# Best Dog Food?



## ferreira (Jun 20, 2011)

I know there is some debate but I am curious to see what type of dog kibble everyone thinks is best.

Looking forward to reading your replies


----------



## oakleysmommy (Feb 20, 2011)

Wellness LBP is what i use..


----------



## Sophie_Mom (Jan 21, 2009)

If one hundred people respond, you are likely to get about 90 different answers! What's best for one dog isn't best for another or all dogs. 

At my house, we feed Fromm - We rotate between the Whitefish and Potato and the Duck and Sweet Potato, but lean more towards the whitefish. We also top Sawyer's food with this (see link), which I make with ground turkey (we discovered this food when Sophie was sick). He looooooooooooves it! He also gets Omega 3 supplements.

PetMix Homemade Dog Food Recipe | Grain Free | Dog Cancer Diet


----------



## Megora (Jun 7, 2010)

I'll keep this simple...  

1. I like shiny respectable looking dog foods sold only at petstores. No grocery store type kibble. Our first golden ate something like that and he died when he was 6. Probably unrelated, but being careful makes me feel better. 

2. Big type kibble for big dogs. The small kibble isn't as satisfying or filling for them. 

3. Grains aren't evil. 

4. Only named meats (Chicken, Lamb, Buffalo, Venison, Salmon, etc). If I see "animal by products" or "fish meal", then I assume that permits the dog food company to legally put anything into the dog food. 

5. If the kibble smells and looks greasy, then it's probably going to cause stomach issues.

6. If my dog refuses to eat it or eats it slowly, then the bag's probably bad and needs to go back to the store. 

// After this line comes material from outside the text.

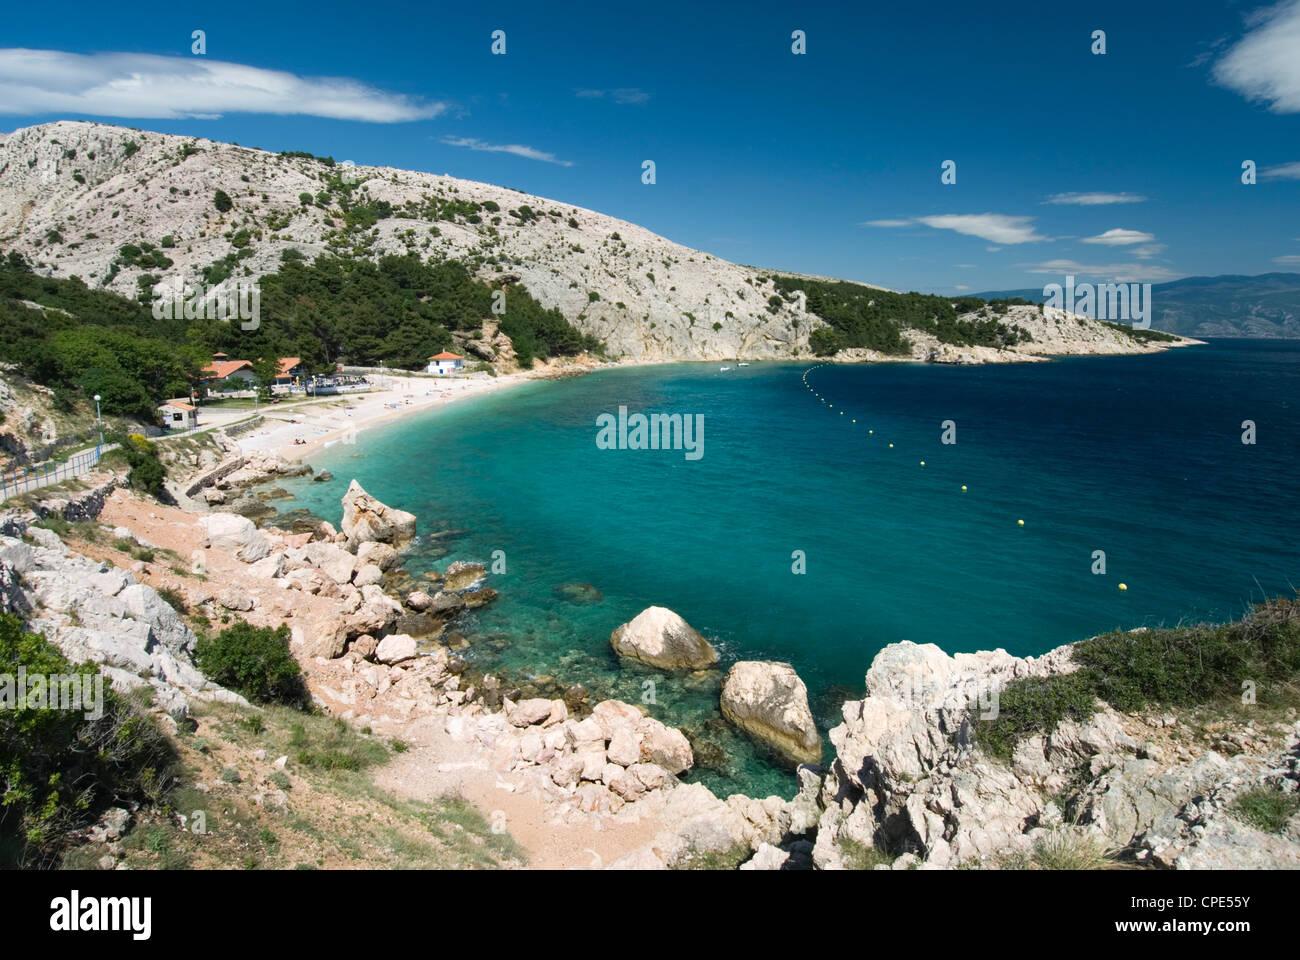 Secluded beach, Baska, Krk Island, Kvarner Gulf, Croatia, Adriatic, Europe - Stock Image

7. I like rice in dog food - it's nice and filling for the dogs, and it's the first thing I give my guys to settle their stomachs. But I don't want corn products.

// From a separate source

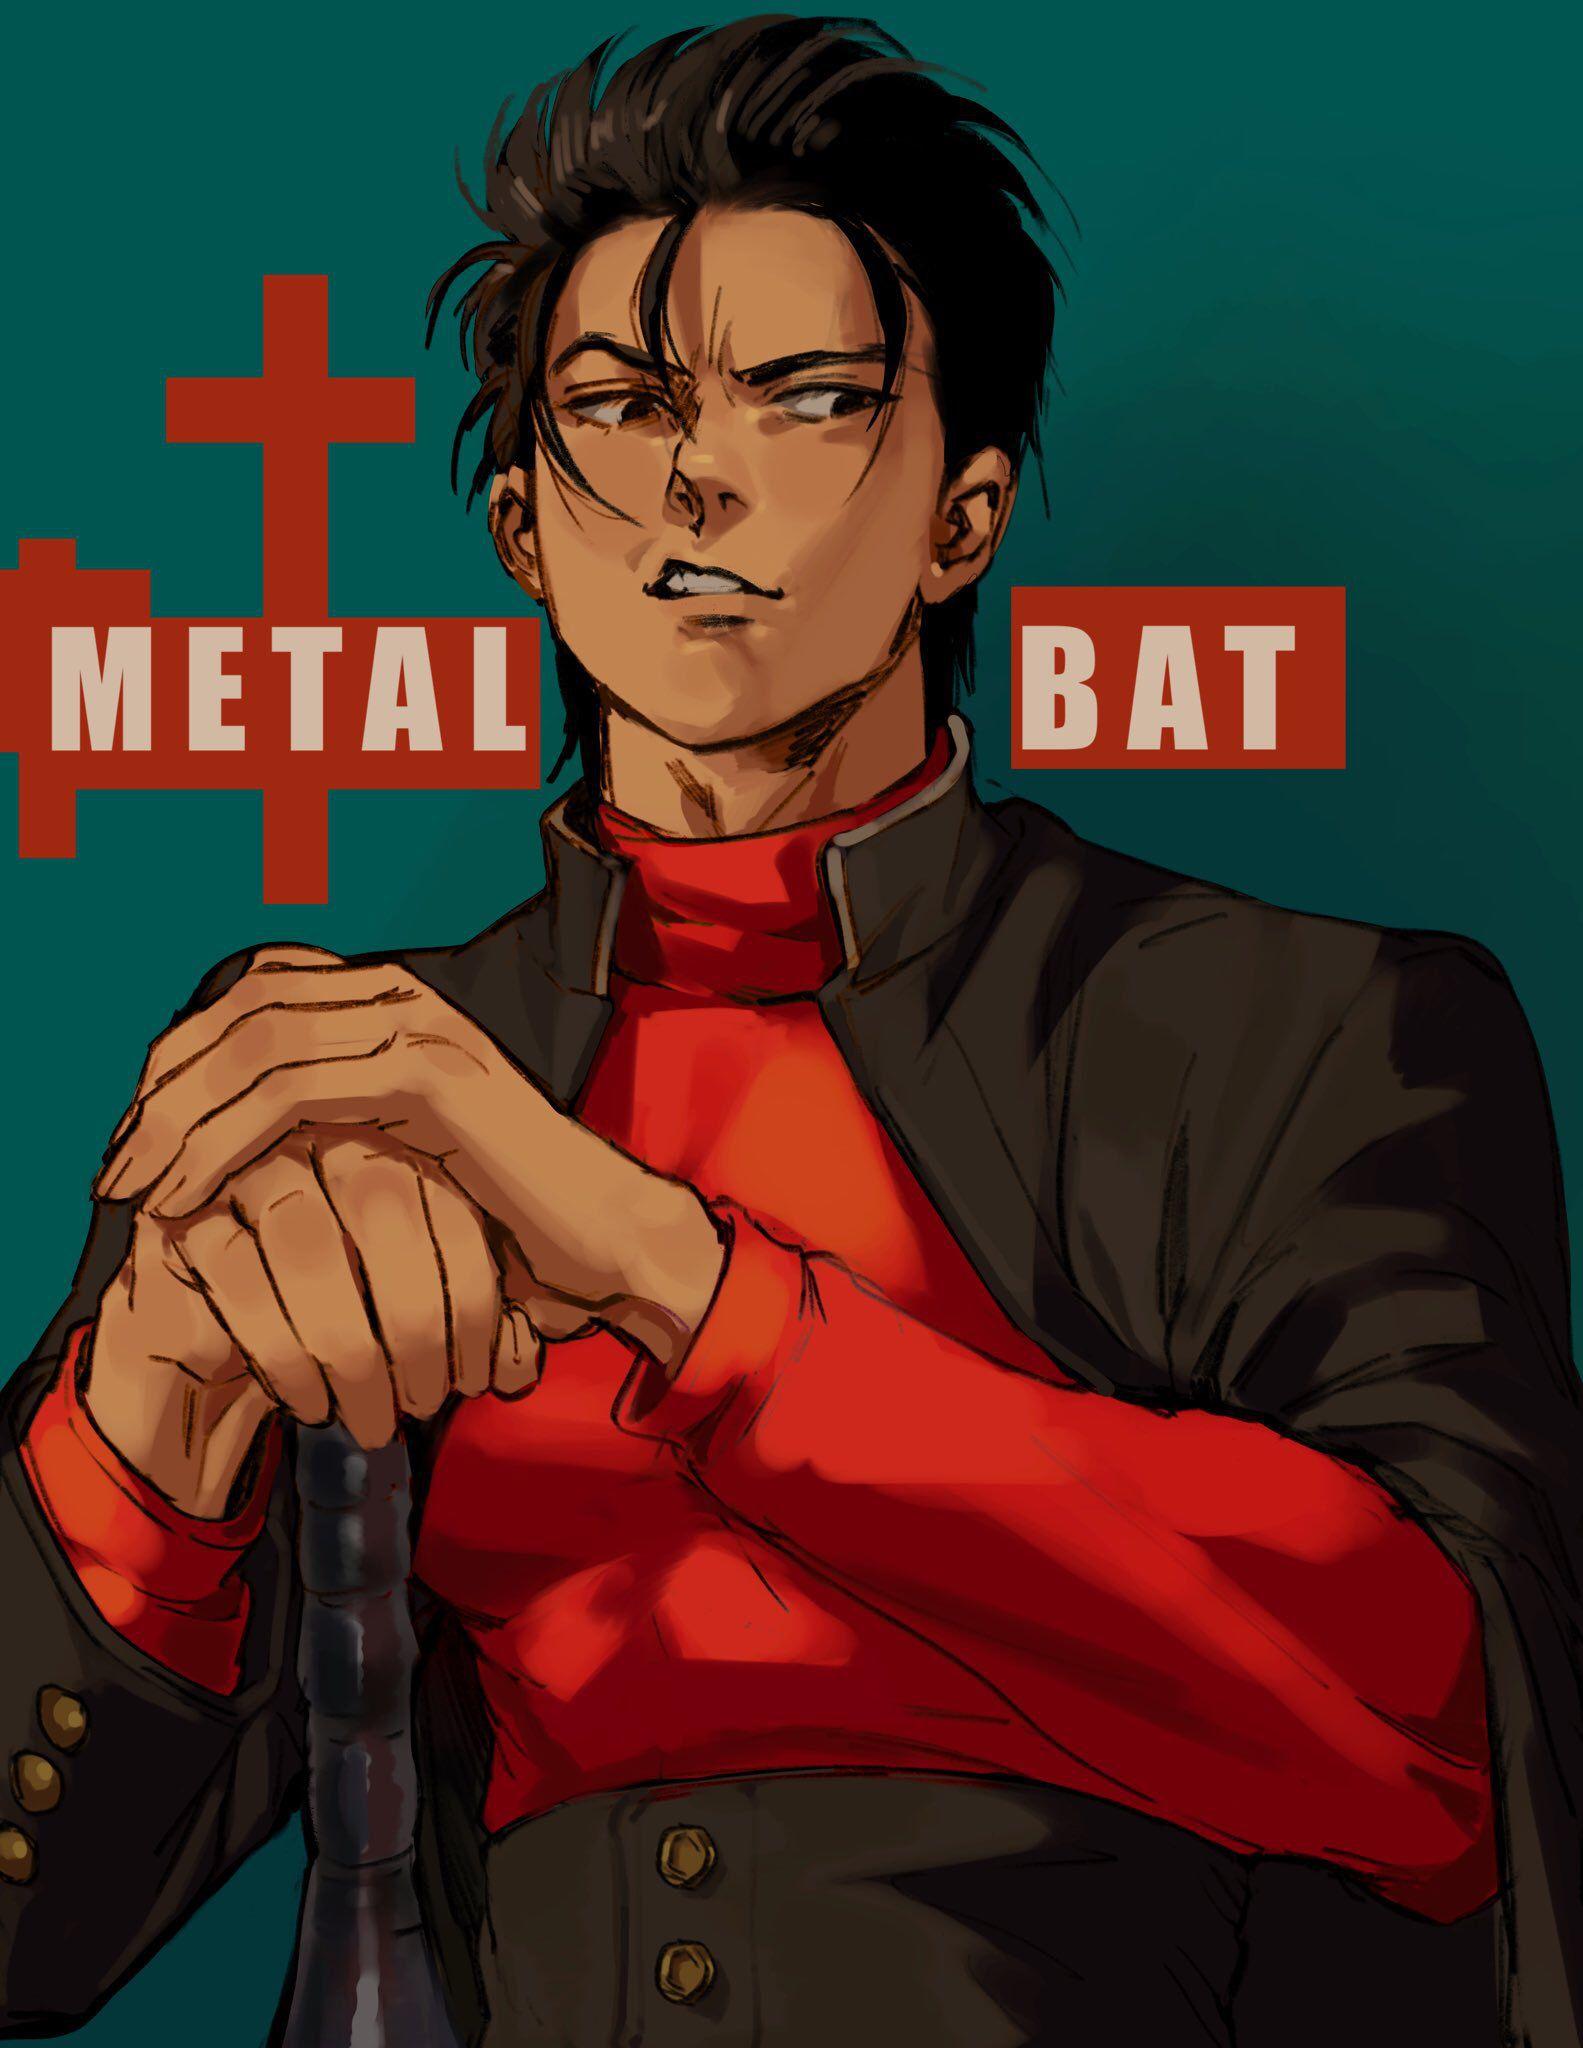 One punch man manga by Emilio Kreiss on Anime/Art in 2020

8. Putting a holistic label on the bag usually helps attract my attention, but if on the ingredients label the kibble appears to be exactly the same as something $20 cheaper, I'm not buying it. 

9. It always help if my dog gobbles up the food like it's a big boy hamburger.


----------



## oakleysmommy (Feb 20, 2011)

like the rice in the kibble too


----------



## ferreira (Jun 20, 2011)

Sorry everyone I meant to ask what the best brand of dog food would be  I have my other dog on Blue Buffalo and that has worked well for her.


----------



## GinnyinPA (Oct 31, 2010)

Again, everybody is going to have a favorite and they'll all be different. Look at the poll thread on what people are feeding. There is no 'best' just what works for your particular dog and budget. Some dogs do well on the foods that contain grains but some don't. Some people like fish, some can't stand the smell of fish breath. Some dogs can handle a richer food, some need something with less fat. Some people like more protein for their active dogs, but a dog that is crated all day probably doesn't need it. We tried a premium grain free dog food that a lot of people on the forum use and Ben's fur turned dull and brittle and fell out. We went back to Purina Pro Plan and it grew back thick and lusterous. This really is a case where YMMV.


----------



## Launi (Nov 27, 2010)

Different people have different opinions. Some people get great results with Pro Plan, Eukanaba, Royal Canin, etc. I personally don't feel comfortable with those foods and try to cater my dog's carnivorous classification as closely as possible without switching to 100% raw, which is not possible for me currently. 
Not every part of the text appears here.